A Gay-Friendly Church?

The one fortunate aspect of the bishop’s campaign against LGBT people is that it has been singularly ineffective. Polling by the Public Religion Research Institute makes clear that almost three-quarters of Catholics support either marriage equality or civil unions, and that we back legal protections for LGBT people in the workplace (73 percent), in the military (63 percent), and in adoptions (60 percent) by significant margins.

We are, in other words, an extremely gay-friendly church; and while it has taken a while for this fact to filter out beneath the bluster of our bishops and their lobbyists, political leaders have begun to take note. A Catholic governor and Catholic legislators made marriage equality a reality in New York. A Catholic governor and legislators passed civil unions into law in Illinois. Heavily Catholic Rhode Island passed a civil union bill over the protests of Bishop Thomas Tobin of Providence, and a Catholic governor has promised to permit same-sex couples to marry in Maryland, if the legislature will only put the bill on his desk.

A few days after Archbishop Gomez announced his opposition to the legislation requiring California schools to give an accurate recounting of the nation’s history. Gov. Jerry Brown, a Roman Catholic, signed it into law.

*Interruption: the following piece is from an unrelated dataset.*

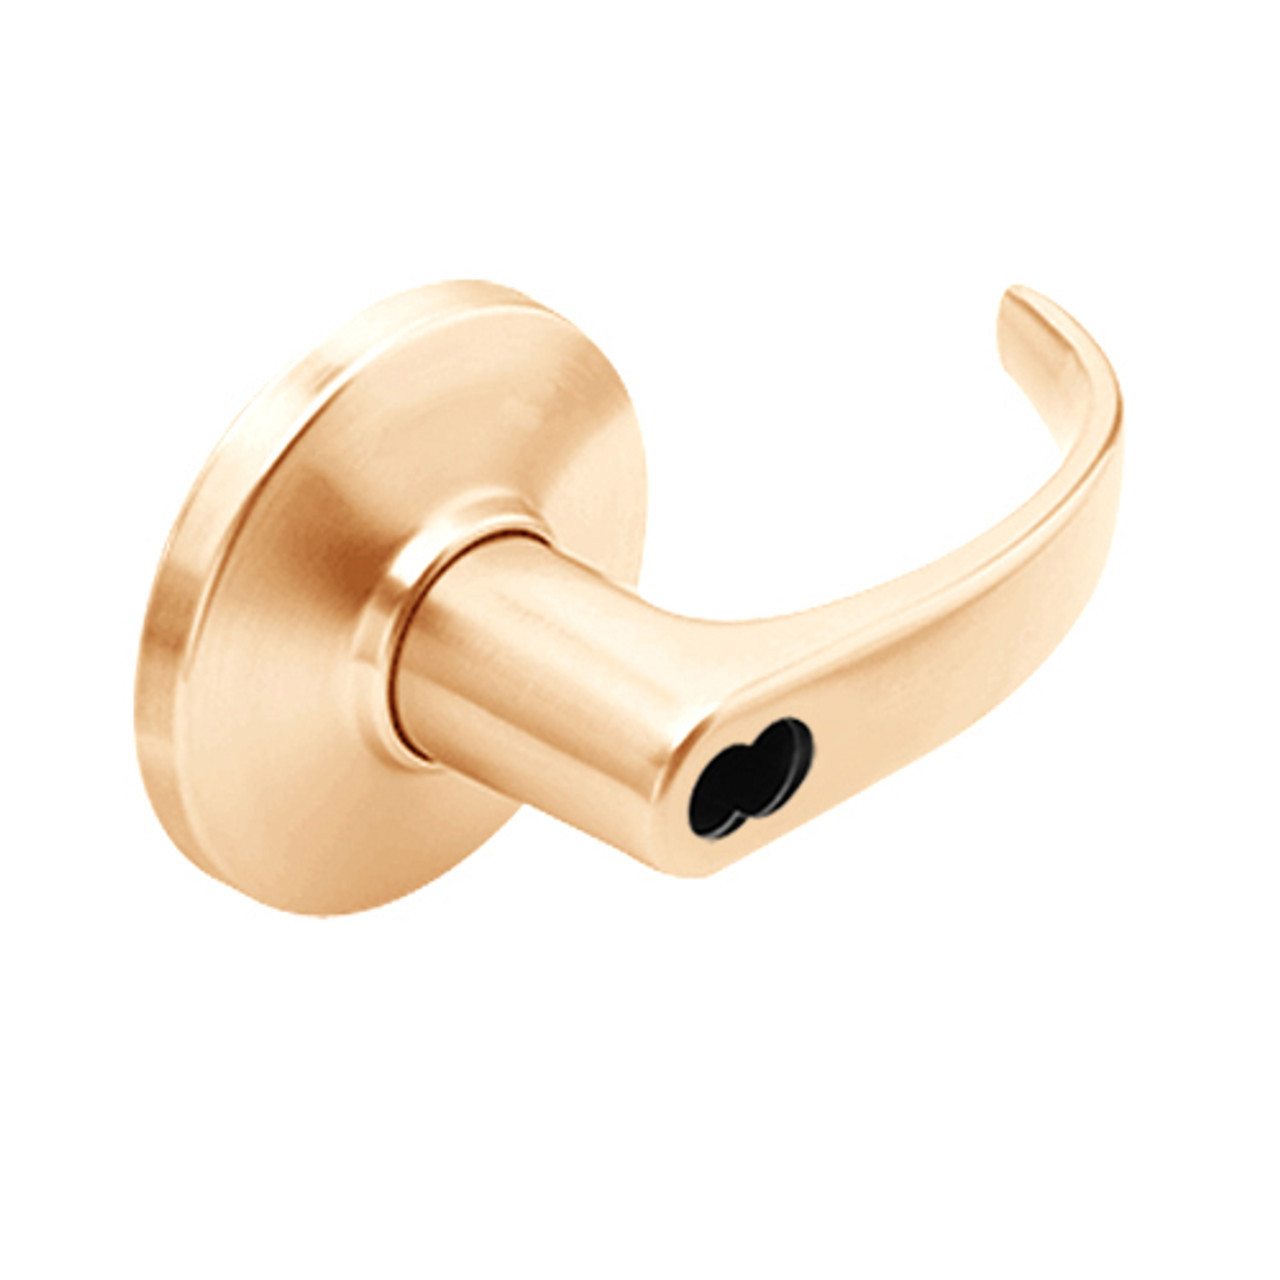 9K37RD14DSTK611LM Best 9K Series Special Function Cylindrical Lever Locks with Curved with Return Lever Design Accept 7 Pin Best Core in Bright Bronze

Those of us who support equality for LGBT people in civil society do so not in spite of our Catholic faith but because of it. We learned in childhood that Jesus moved freely among the outcast and the marginalized, that he warned his followers to judge not lest they be judged, and that he taught that our neighbor was not the priest who passed the beaten traveller on the other side of the road to avoid ritual impurity, but the hated Samaritan who bound up his wounds, and paid for his care.

We learned later that the Church’s teachings on social justice compelled us to act as advocates for fairness, justice, and individual dignity, that its teachings on politics instructed us to vote for the common good, and that in making moral decisions, we were to follow the promptings of our own well-formed consciences.

There are times, it seems, when our hierarchy is so committed to cultivating political power, and deploying our Church’s resources in contemporary culture wars, that they expect us to forget all of this. We won’t.

As Philadelphia Burns

Last week, the Vatican announced that it had appointed Archbishop Charles Chaput of Denver as the new archbishop of Philadelphia. The clergy abuse scandal that has badly damaged the hierarchy’s credibility is still spinning out of control in Philadelphia, and Pope Benedict XVI clearly thinks that Archbishop Chaput is the right man for a difficult job.

We would only note that in his previous post, he supported a parish priest who expelled a girl from a Catholic school because her parents were lesbians. The archbishop argued that parents must be able to cooperate with Catholic schools in the education of their children, and that those who do not embrace Church doctrine cannot do so.

This was not an argument he employed against Protestants, or non-Christians, or children whose parents had remarried after a divorce. It was employed exclusively against lesbian parents. Because in the theological universe that our bishops are constructing to support their personal biases, there is sin, and then there is gay sin, and gay sin is so much worse.